Maintaining biodiversity

The programmes that protect species and habitats — and why it sometimes comes down to a trade-off.

Part 1Protecting what's left

Scientists and governments run programmes to reduce the loss of biodiversity. You need to know the main methods and be able to say what each one achieves.

Breeding programmes for endangered species help keep their numbers up (for example in zoos). Protecting and regenerating rare habitats — such as mangroves, heathland and coral reefs — keeps whole communities alive. Reintroducing field margins and hedgerows in farmland, where farmers grow only one type of crop, gives more species somewhere to live. Reducing deforestation and the carbon emissions that go with it protects forests and the climate. And recycling resources rather than dumping waste in landfill reduces pollution.
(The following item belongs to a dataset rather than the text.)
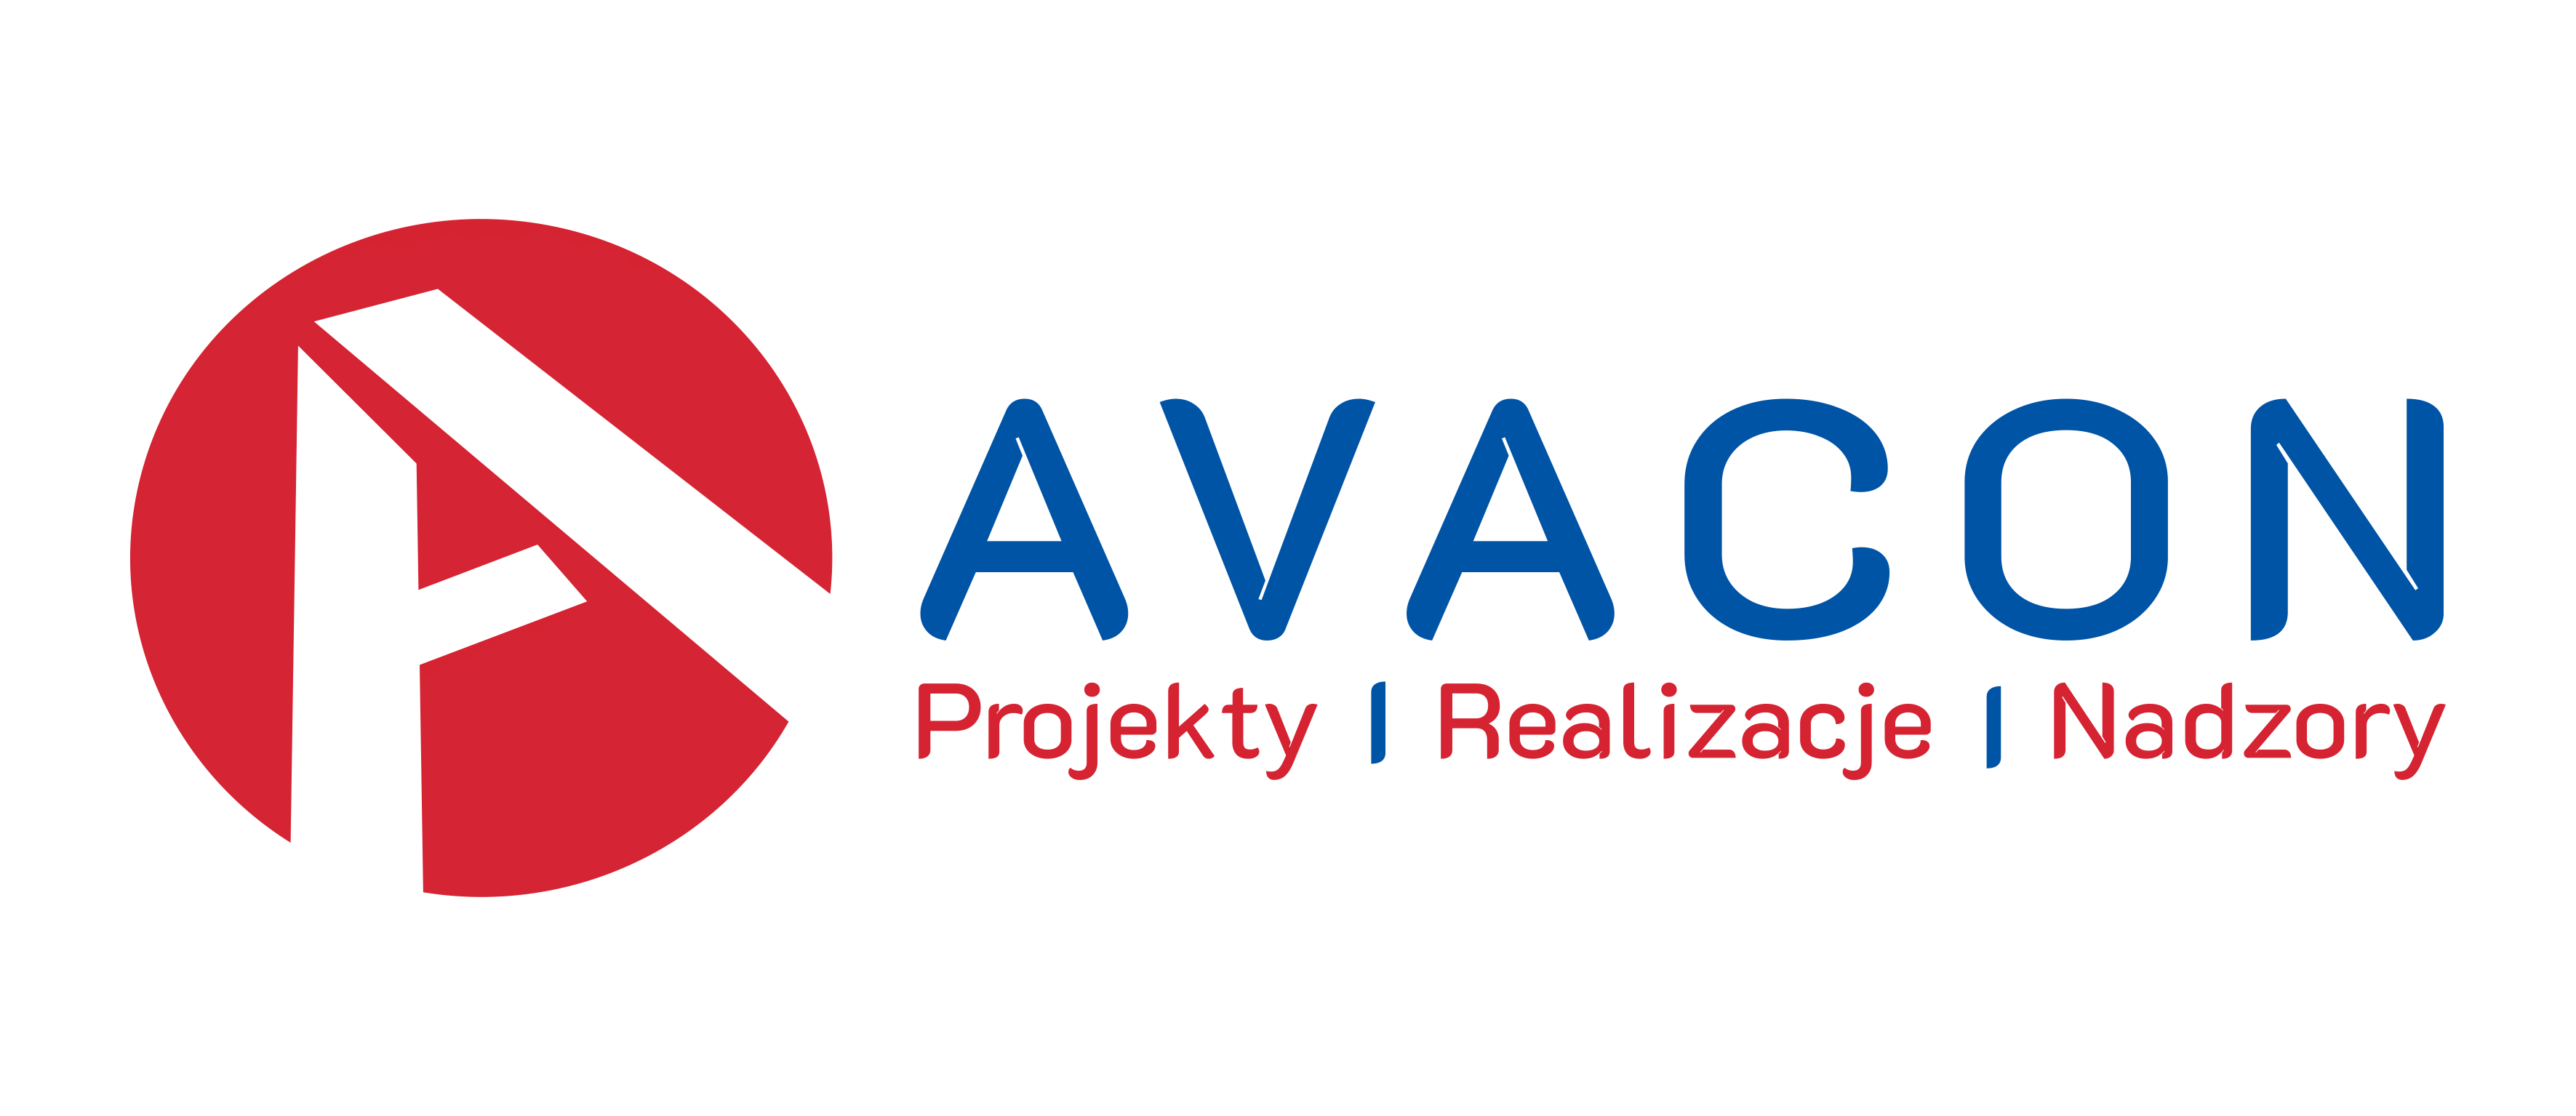 Projekt instalacji pomp ciepła Avacon Kraków

Ways to maintain biodiversity

Breeding programmes
Captive breeding of endangered species to boost numbers.
Protecting habitats
Conserving and regenerating rare habitats and the species in them.
Field margins & hedgerows
Leaving wild strips on farmland for more species.
Reducing deforestation
Protecting forests and cutting carbon emissions.
Recycling
Reusing resources instead of sending waste to landfill.
REFORESTATION RESTORES BIODIVERSITY Before bare, few species After replanted, more species
Reforestation rebuilds habitats, so more species can return — biodiversity recovers

⚠ Watch out — explain why, not just what

An exam answer for "how do field margins maintain biodiversity?" needs the reason: they provide habitats and food for a wider variety of species on land that would otherwise be a single crop. State the method and what it does for the species.

Part 2The trade-off

Conservation can be expensive and is sometimes in conflict with the pressures of feeding and housing a growing human population, or with local economic interests. Decisions often involve a trade-off between protecting biodiversity and the costs to people. In the exam you may be asked to weigh up both sides using data — so look for the figures and refer to them.

Quick check

A farmer leaves wild field margins around their crops. How does this help maintain biodiversity?

  • AIt increases the crop yield directly
  • BIt provides extra habitats and food for a wider range of species
  • CIt removes carbon dioxide from the atmosphere
  • DIt stops the water cycle from happening
Show answer
B. The wild margins give more species somewhere to live and feed, on land that would otherwise be a single crop — so biodiversity rises.
Topic 7 — quick quiz
Click to reveal · 4 questions
  1. Give three ways humans can maintain biodiversity.
    Any three: breeding programmes for endangered species, protecting/regenerating rare habitats, field margins and hedgerows, reducing deforestation, recycling instead of landfill.
  2. How does reforestation help biodiversity?
    It restores habitats, so more species can return — and the new trees also remove CO₂ by photosynthesis.
  3. Why is high biodiversity good for an ecosystem?
    It makes the ecosystem more stable, as species depend less on each other for any single resource.
  4. Why are conservation decisions often a trade-off?
    Protecting biodiversity can conflict with the cost and the needs of a growing population (food, housing, money), so the benefits and costs must be weighed up.